Is my solution right?

solution

You just need to prove that the centre is a ring within itself.

  1. Associativity of both addition and multiplication is inherited from R, and distributivity of multiplication over addition is inherited from R.

  2. Show that it is a group under addition: Take a and b in the centre and r in R. Then $(a + b)r = ar + br = ra + rb = r(a + b)$

hence it is closed under addition. Show that $0$ (additive identity) is in the centre.

$0 = 0.r = r.0$ so $0$ is in the centre.

For a in the centre, there exists $-a$ in R such that $a + (-a) = 1 = (-a) + a$

Show that $-a$ is in the centre. Let r in R $0 = 0.r = (a + (-a))r = ar + (-a)r $ and $0 = r.0 = r(a + (-a)) = ra + r(-a) $

as $ ra = ar$, it follows that $(-a)r = r(-a) $ Hence inverses exist in the centre. So the centre is a group under +.
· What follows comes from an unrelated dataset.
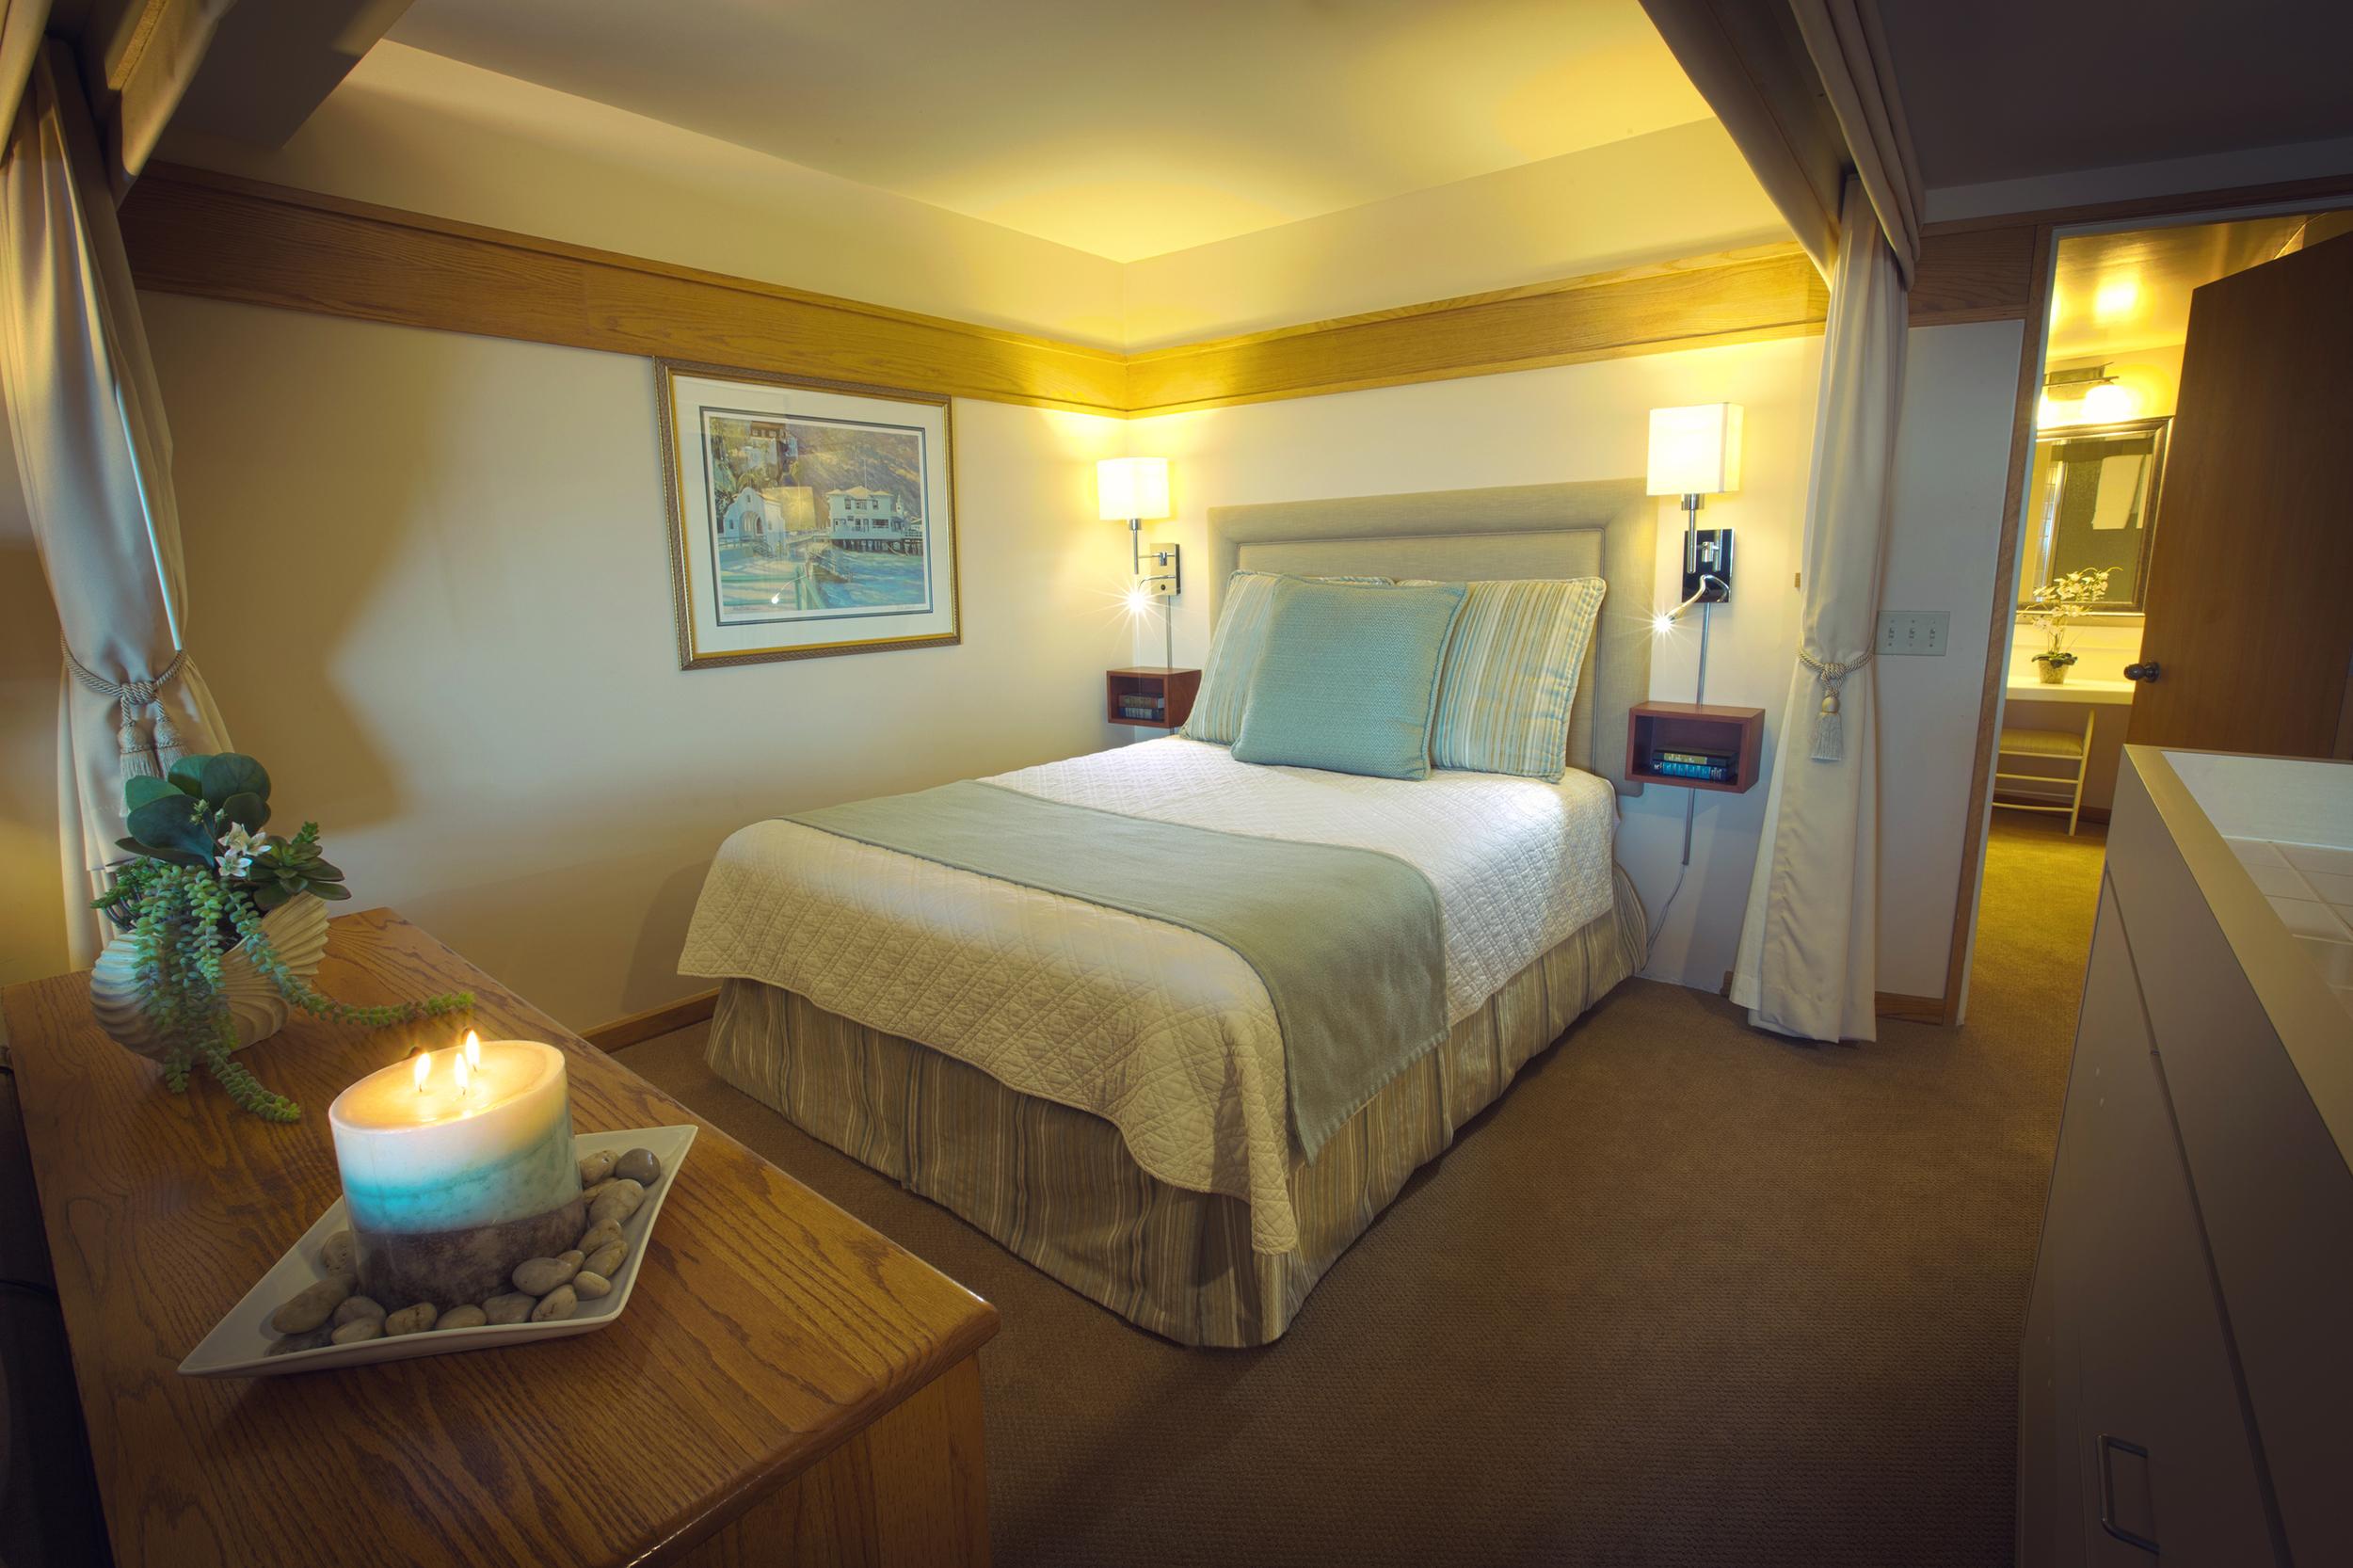 Bedroom_HDR_1_Flat CC.jpg

  1. Show that the centre is closed under multiplication: For a,b in the centre and r in R,# $(ab)r = a(br) = a(rb) = (ar)b = (ra)b = r(ab) $

thus multiplication is closed. And show that 1 (the multiplicative identity) is in the centre. $1.r = r = r.1$
hence 1 is in the centre.

So the center is a subring of R.

The center of a commutative ring is the ring itself. (By definition the centre is the ring of all commutative elements.)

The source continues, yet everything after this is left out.